• RECORDS FOR THE EXERCISE:
= Beginning of Section =
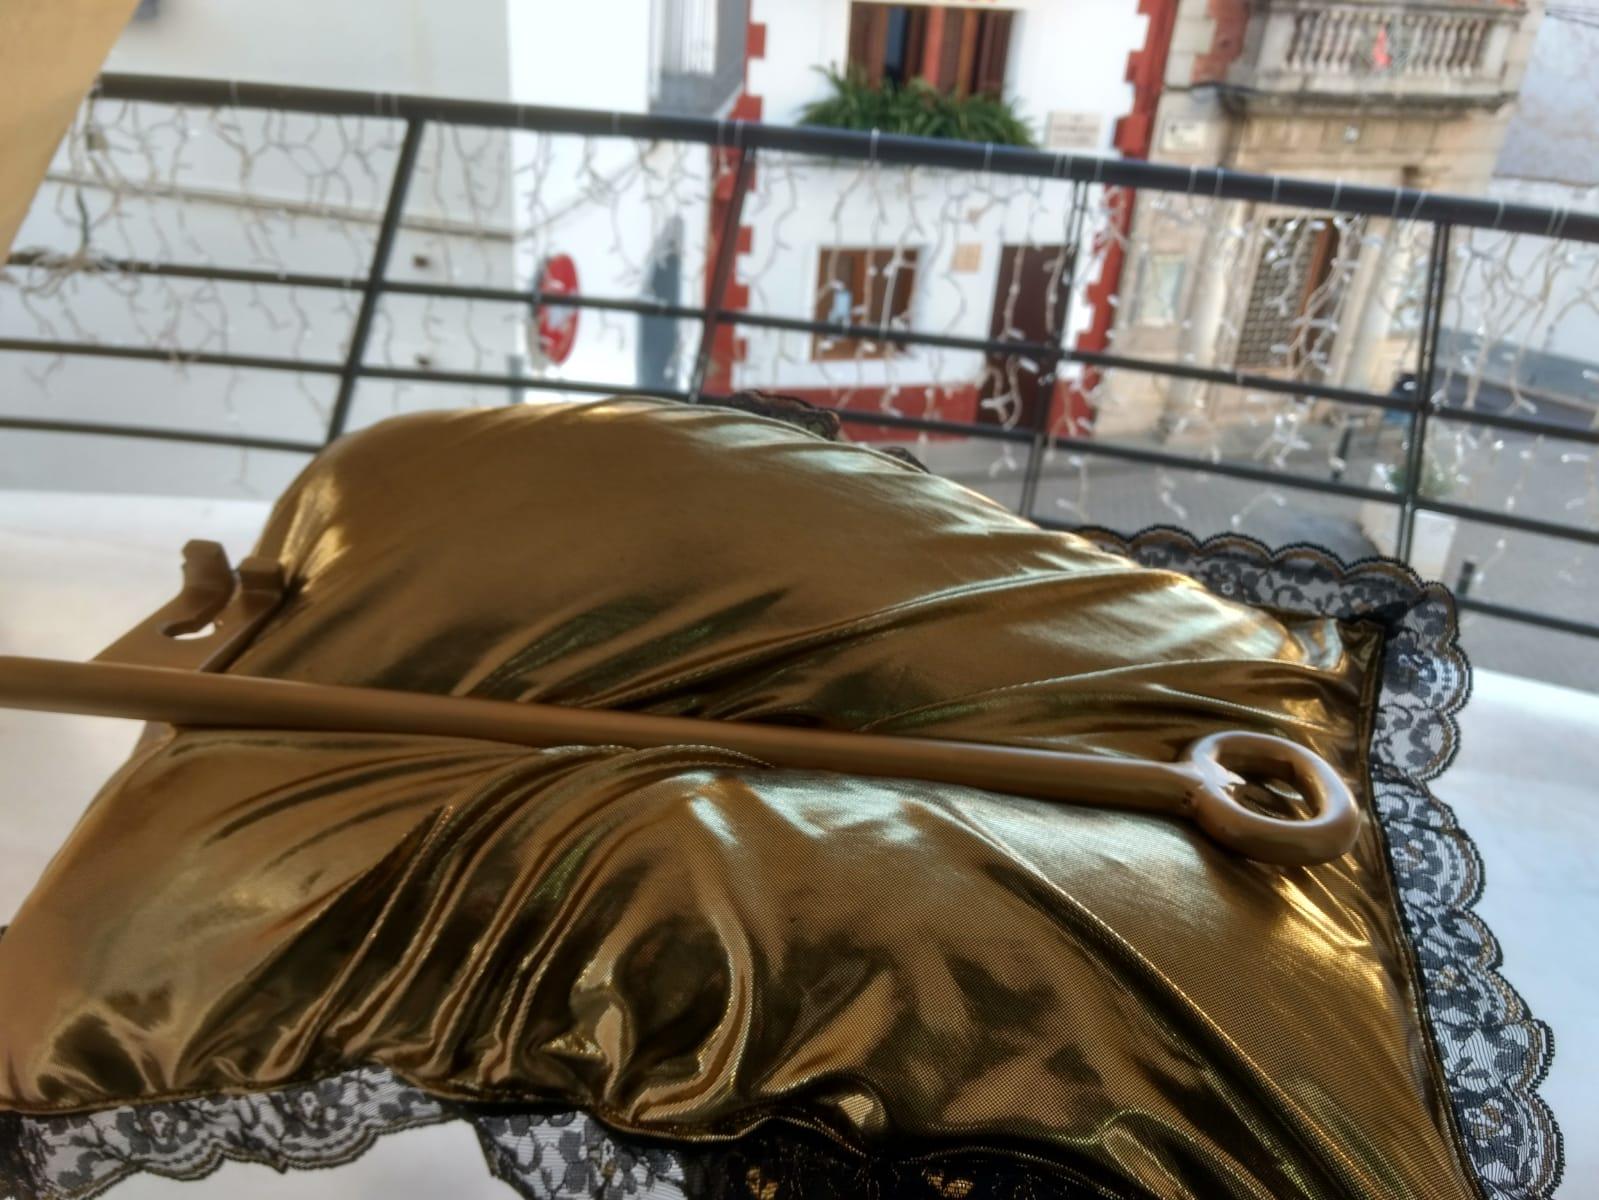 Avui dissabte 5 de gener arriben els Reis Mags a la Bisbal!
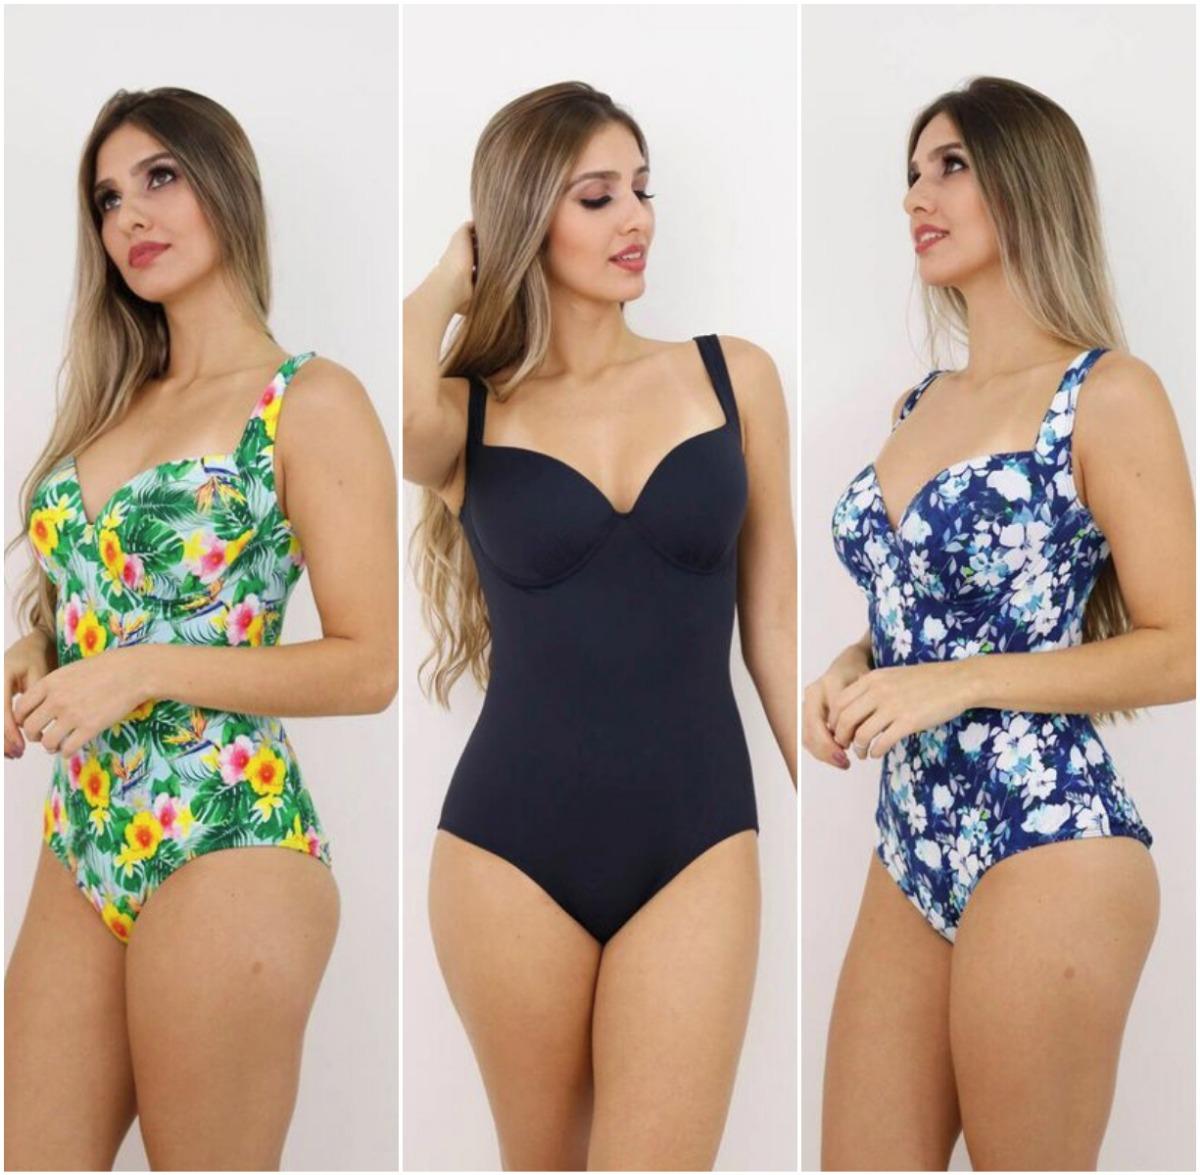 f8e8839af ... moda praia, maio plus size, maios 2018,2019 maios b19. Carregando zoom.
= End of Section =
= Beginning of Section =
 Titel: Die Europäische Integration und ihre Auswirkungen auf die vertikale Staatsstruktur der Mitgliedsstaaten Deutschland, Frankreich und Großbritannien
= End of Section =
• YOUR OBJECTIVE: Give back exactly the lines of the listing above from the one that contains "Avui dissabte 5" up to and including the one that contains "f8e8839af ... moda", but not the pictures, and no other lines.

• ANSWER BELOW:
 Avui dissabte 5 de gener arriben els Reis Mags a la Bisbal!
 f8e8839af ... moda praia, maio plus size, maios 2018,2019 maios b19. Carregando zoom.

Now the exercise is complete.